Naruto yang tadinya sedang menyanyi dengan semangat teralihkan perhatiannya oleh lelaki yang menggunakan kaus berwarna putih agak longgar tadi. Kepalanya –dan kepala-kepala yang ada di ruangan itu— bergerak sesuai dengan kemana arah kaki jenjang pria itu melangkah, "Mau kemana Teme?" ia masih menatap pria itu dengan mic yang menempel di depan bibirnya.
"Wc, dobe."
Naruto mengangguk dan kembali kepada aktifitas sebelum perhatiannya tersita, menyanyi dengan semangat dan lantang. Sakura kini menyanderkan tubuhnya ke sofa di belakangnya. Lalu menutup matanya pelan. Hembusan hangat keluar dari sela-sela pernafasannya. Ia segera membelalakkan matanya dan mengangkat tubuhnya untuk berdiri.
"Anu.. aku juga.." langkahnya agak cepat meninggalkan ruangan itu. Dan segera menutup pintu dengan agak keras.
"Kenapa Sakura?" tanya Naruto tidak pada siapa-siapa. "Kebelet kali ya." Naruto menjawab pertanyaannya sendiri dan mulai manggut-manggut aneh. sekaarang, hanya mereka berdua yang tertinggal di ruang kecil tertutup ini. Tersadar akan hal itu, segera saja Hinata menenggak habis minuman di depannya untuk mengurangi rasa gugup. Wajahnya makin memerah.
Wanita berambut merah muda itu masih menderapkan langkah cepatnya menuju kamar mandi. Kebetulan saja kamar mandi wanita dan pria berdampingan. Ia melirik ke ruangan khusus pria itu dengan gugup.
Ia berkali-kali mengambil napas dalam dan mengeluarkannya dengan berat.
Ia putuskan untuk mengetuk bilik kamar mandi itu pelan.
"Sa.. sasuke..? Kau di dalam?"
Hening. Tak ada jawaban.
"Sasuke?! Aku mau bicara.." volume suaranya ia perbesar berharap panggilan kali ini terdengar oleh sepasang telinga pria itu.
Masih hening.
"Hn.. sudahlah.
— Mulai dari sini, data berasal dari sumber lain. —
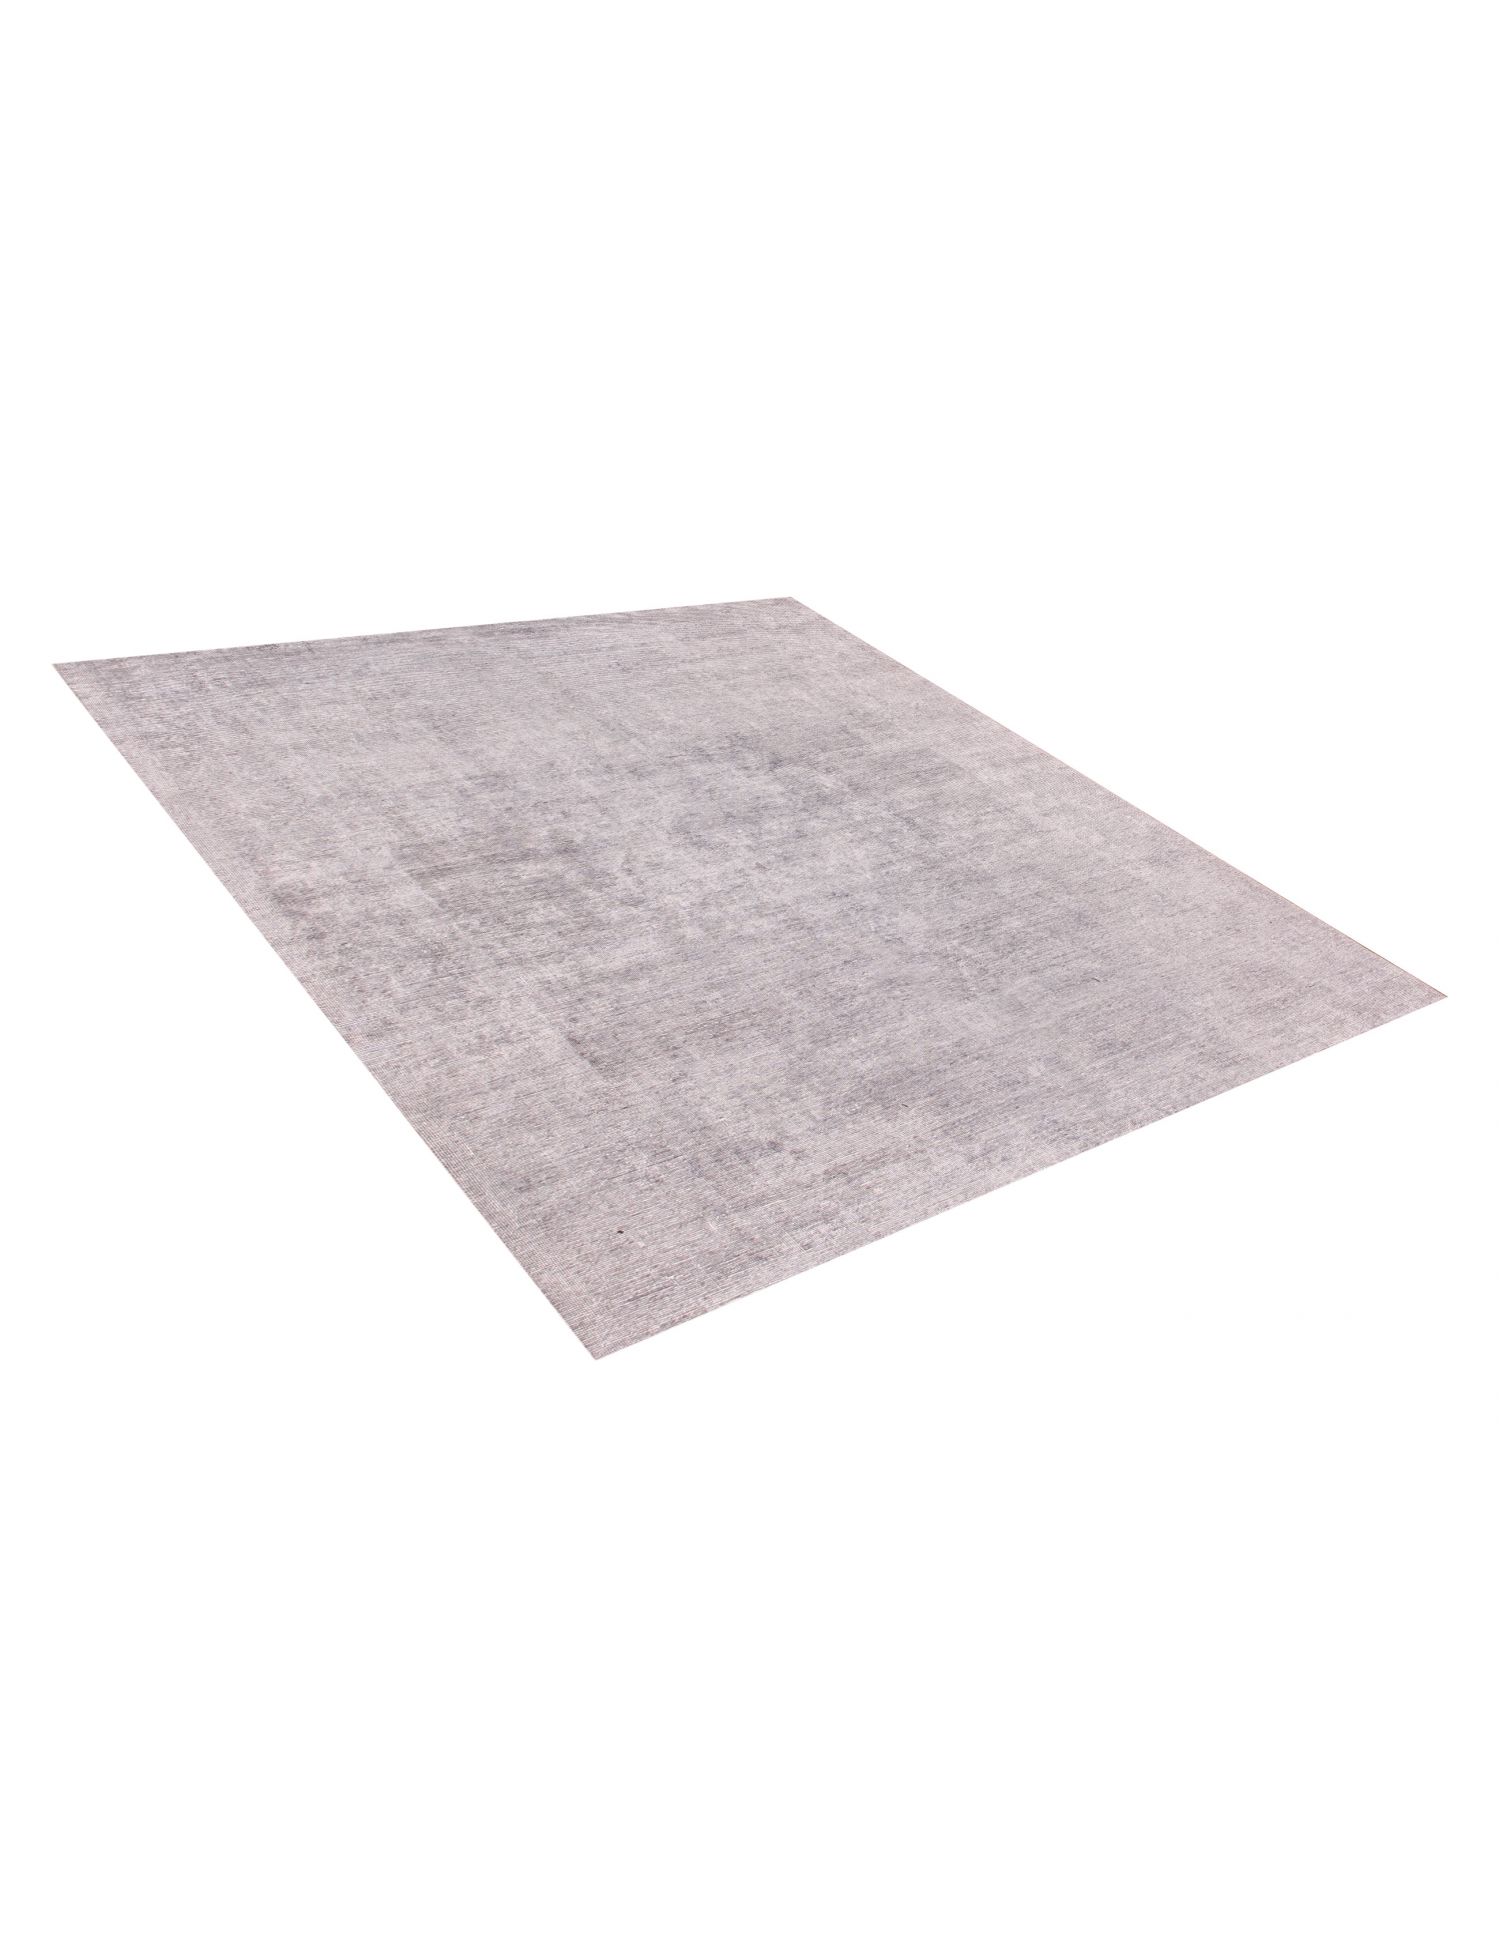 Quadrat  Vintage Teppich  grau <br/>242 x 242 cm
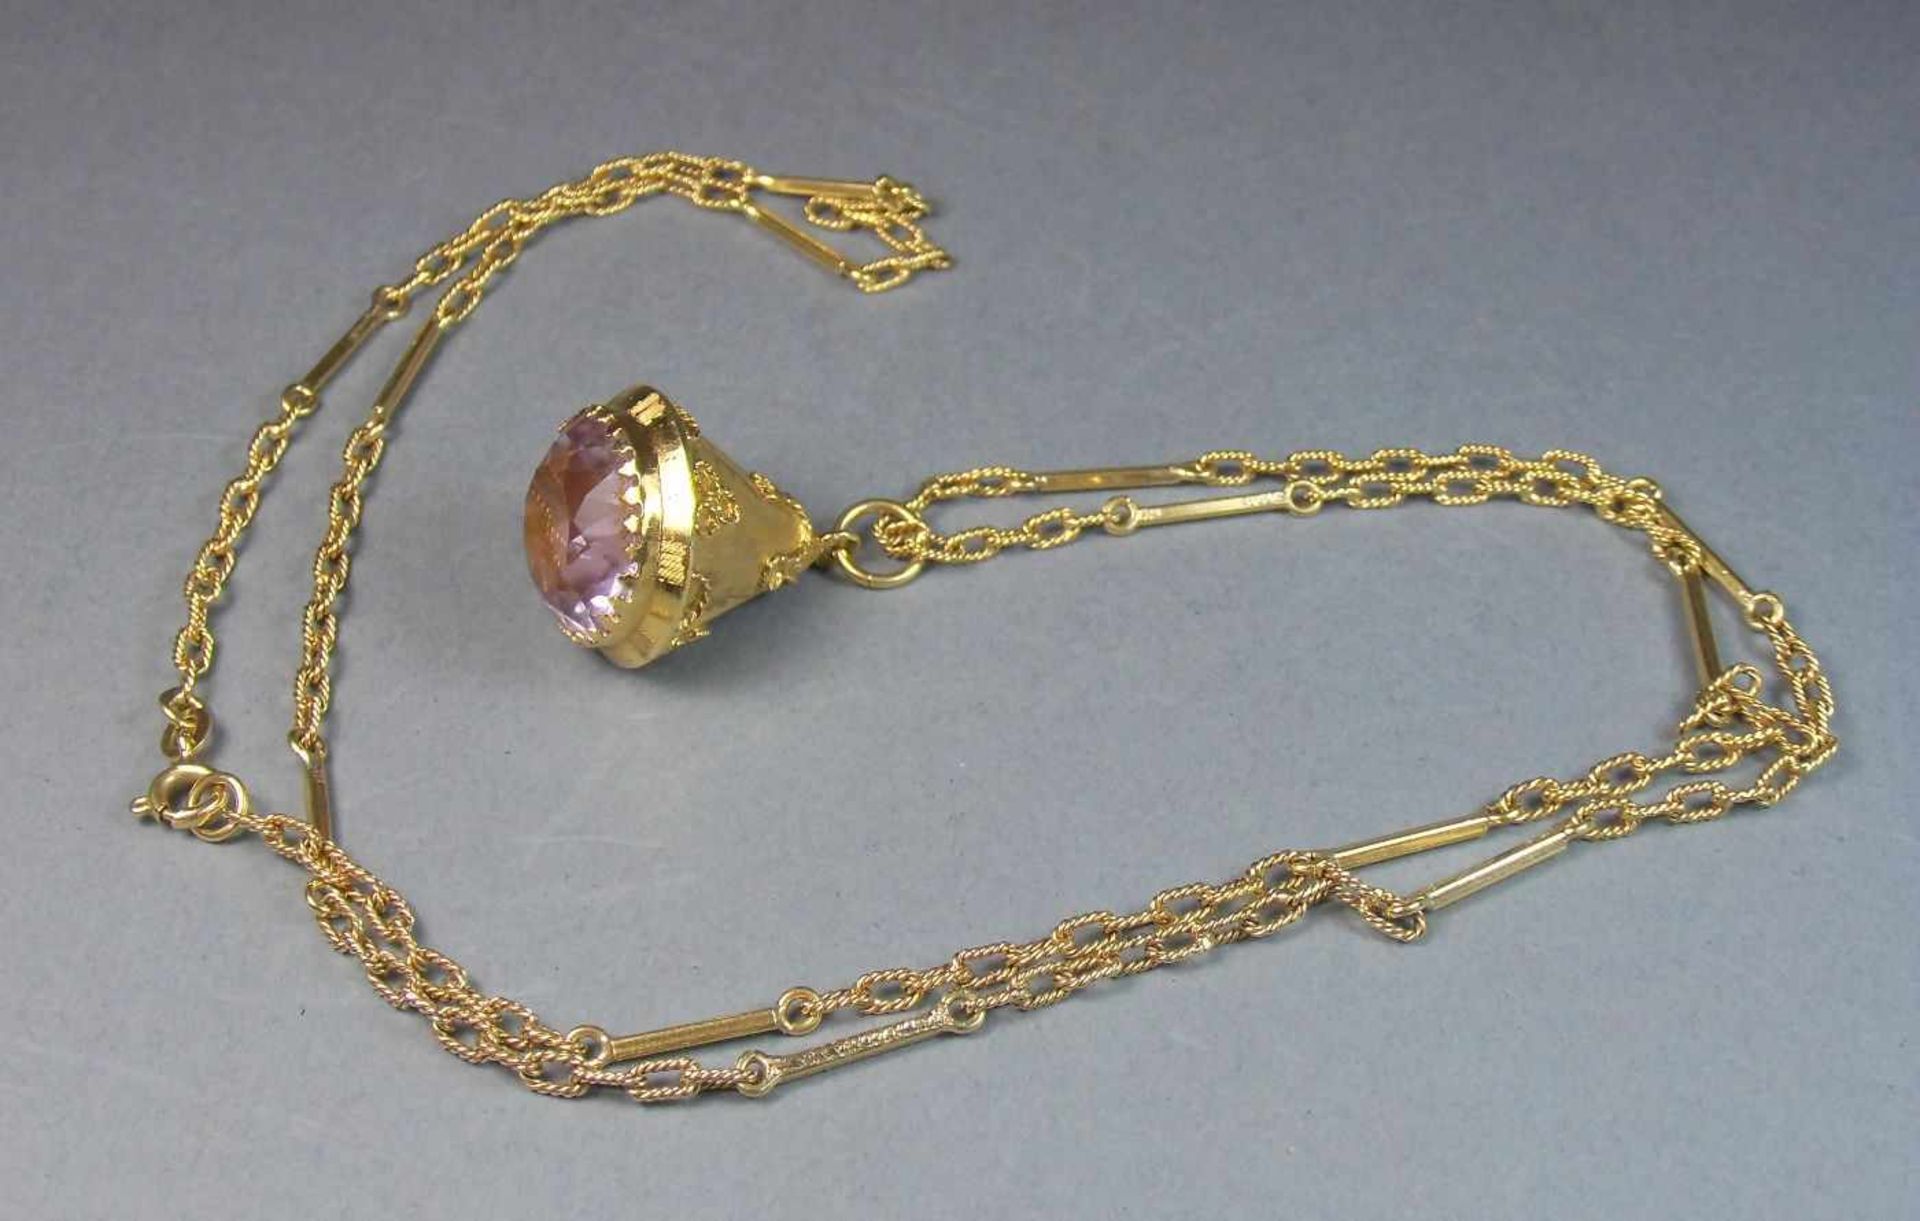 KETTE MIT ANHÄNGER in Kegelform / necklace and pendant, darin roséfarbener Edelstein, 750er Gelbgold

Aku ke kamar mandi dulu saja." Ia mendorong pintu kamar mandi perempuan dengan agak kasar dan segera saja menuju salah satu biliknya.
Setelah selesai dengan urusannya di dalam bilik itu, ia membuka pintu itu pelan dan menuju wastafel. Ia menyalakan keran berderit yang ada di hadapannya.
"Sebaiknya aku bagaimana..? Apa yang harus aku lakukan?"
Pikiran gadis cantik itu melayang-layang. Kepalanya tertunduk lesu. Ia membuang nafas dalam. Seketika kepalanya terasa dihantam oleh sesuatu yang tumpul. Matanya terbelalak menerima rasa sakit yang tiba-tiba. Tapi sedetik kemudian matanya terpejam. Emerald indahnya tak tampak lagi. kesadarannya telah hilang sepenuhnya.
Sasuke merasakan pening hebat di kepalanya. Ia meringis tertahan. Dengan perlahan ia buka sebelah matanya. Tangannya pun bergerilya menuju sumber dari rasa mualnya. Perlahan sebelah matanya lagi membuka. Pelan-pelan ia duduk. Pandangannya kabur.
"Uhh.."
Nyawanya berkumpul pelan-pelan. Matanya membulat sempurna setelah dapat dengan jelas melihat sesosok berambut perak di depannya. Lelaki itu bersandar pada dinding tanpa ekspresi.
"Sudah bangun?"
"Ka..Kakashi sensei?"
Pria yang disebut hanya mengangguk pelan.
Sasuke mengedarkan pandangannya ke sekitar ruangan itu. Ruangan itu gelap. Hampir tak bisa melihat apa-apa. Matanya pun belum terlalu sesuai dengan gelap. Ia baru bangun dari tidur yang tak diinginkannya. Ia masih merasakan mual.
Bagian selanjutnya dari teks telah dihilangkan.